Our training method is also reminiscent of the broader and fundamental concept of cross-validation in machine learning and statistics (72). When testing generalizability, the training database is partitioned into two sets of complementary datasets, one which is used for training the model (often called training set), and the other used to assess the performance in unseen data (often called validation/testing set). In our approach, we do a similar partitioning of the acquired data to two sets we denoted Θ and Λ. The main difference to typical cross-validation is that our partitioning is done for each subject in the training set from the database. But the intuition for partitioning within the network is similar, as the unrolled network only sees Θ for data consistency during training, while Λ is only used to establish the network loss. Indeed, as our experiments in Figure 5 show that when Θ and Λ are taken to be the same as Ω, such training leads to poor image quality with insufficient removal of aliasing artifacts and noise amplification, as the DC unit operating on the full Ω, inherently matches well with the acquired data at these locations.

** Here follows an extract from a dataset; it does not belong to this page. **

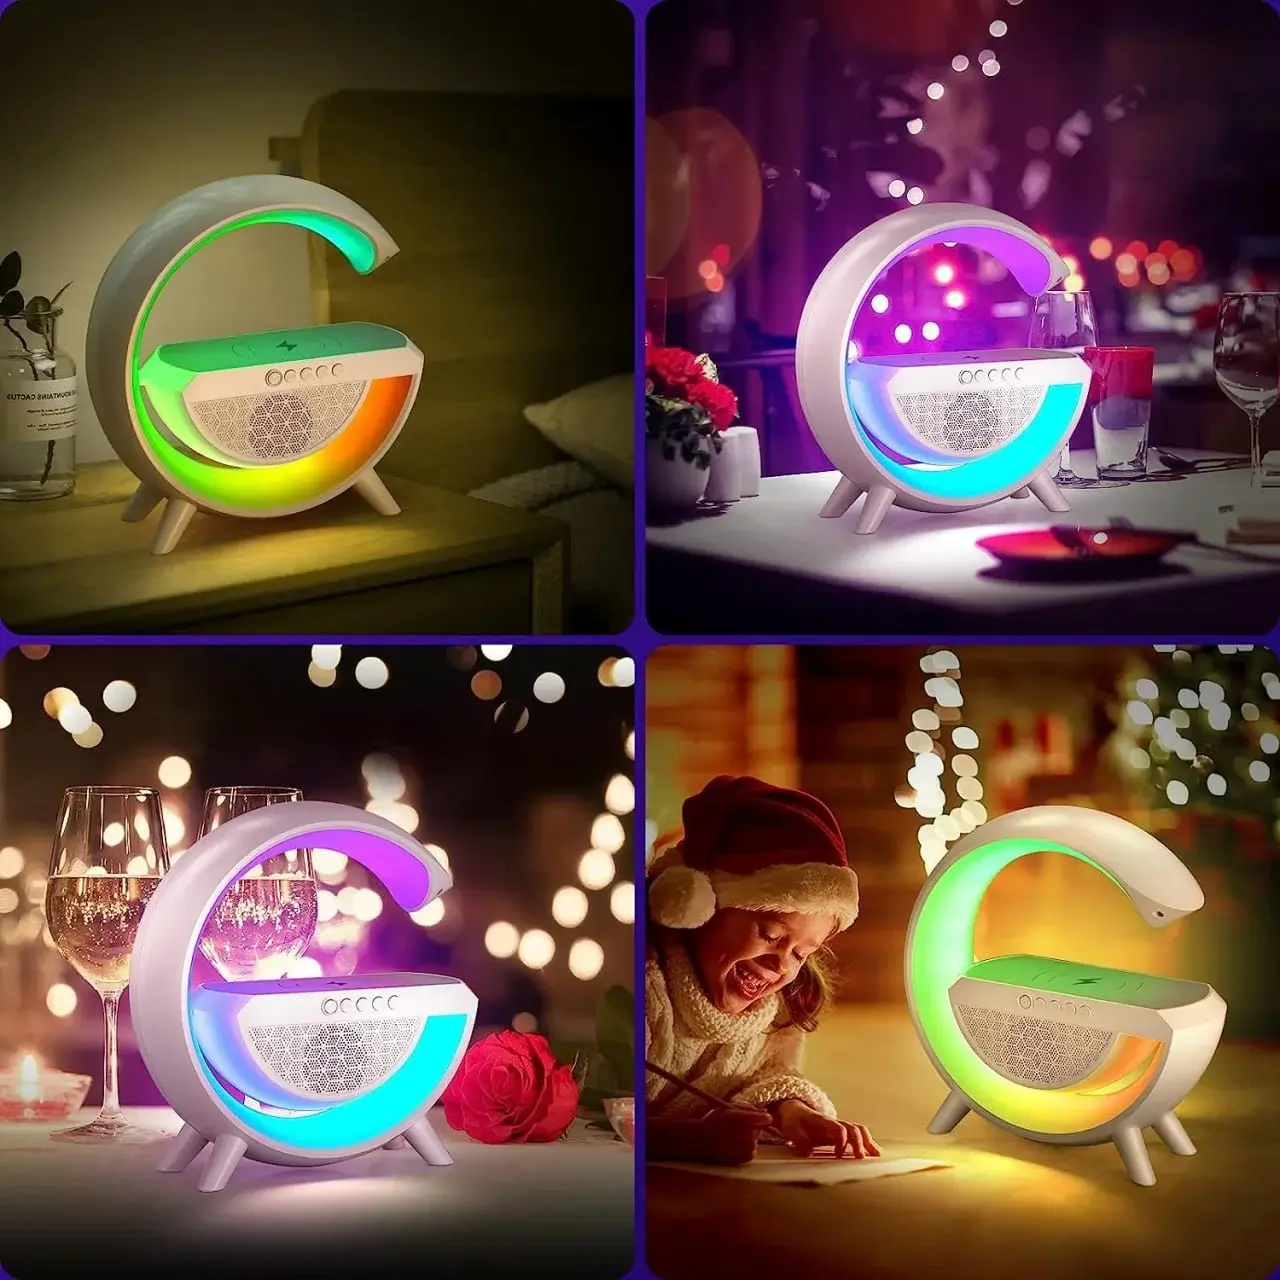 3 In 1 G Lamp Speaker G Stand Charger Multicolor Led Night Lamp Wireless Charger Mobiles Night Lamp - MaalGaari.Shop

Selection of the loss mask, Λ plays an important role in the performance of the proposed self-supervised training. One major design advantage is that since it only exists in post-processing, it can be chosen freely among all the acquired measurements retrospectively, without physical constraints that are imposed during acquisition. Thus even though 40% of the acquired indices in Ω were included in Λ, this is not the equivalent to training with an ~8-fold accelerated acquisition, especially for the 2D setting, since the points in Λ do not need to constitute fully-sampled readout encoding lines along kx. This point is further illustrated in Supporting Information Figure S10, in the context of supervised training. This advantage is not as clear in the training for the 3D brain dataset in this study, since the data had to be inverse Fourier transformed along the foot-head readout direction and axial slices had to be processed due to memory issues in the GPUs. In this case, the sheared equispaced ky-kz undersampling pattern readily do not include any lines, thus the selection of Λ, may affect the DC units more substantially than in the 2D knee MRI experiments. Accordingly, the self-supervised approach is expected to show more gains and better reconstruction quality at higher acceleration rates for 3D imaging if 3D neural networks can be used. Thus memory-efficient 3D neural network designs (73) may warrant further investigation, although it is beyond the scope of the current study.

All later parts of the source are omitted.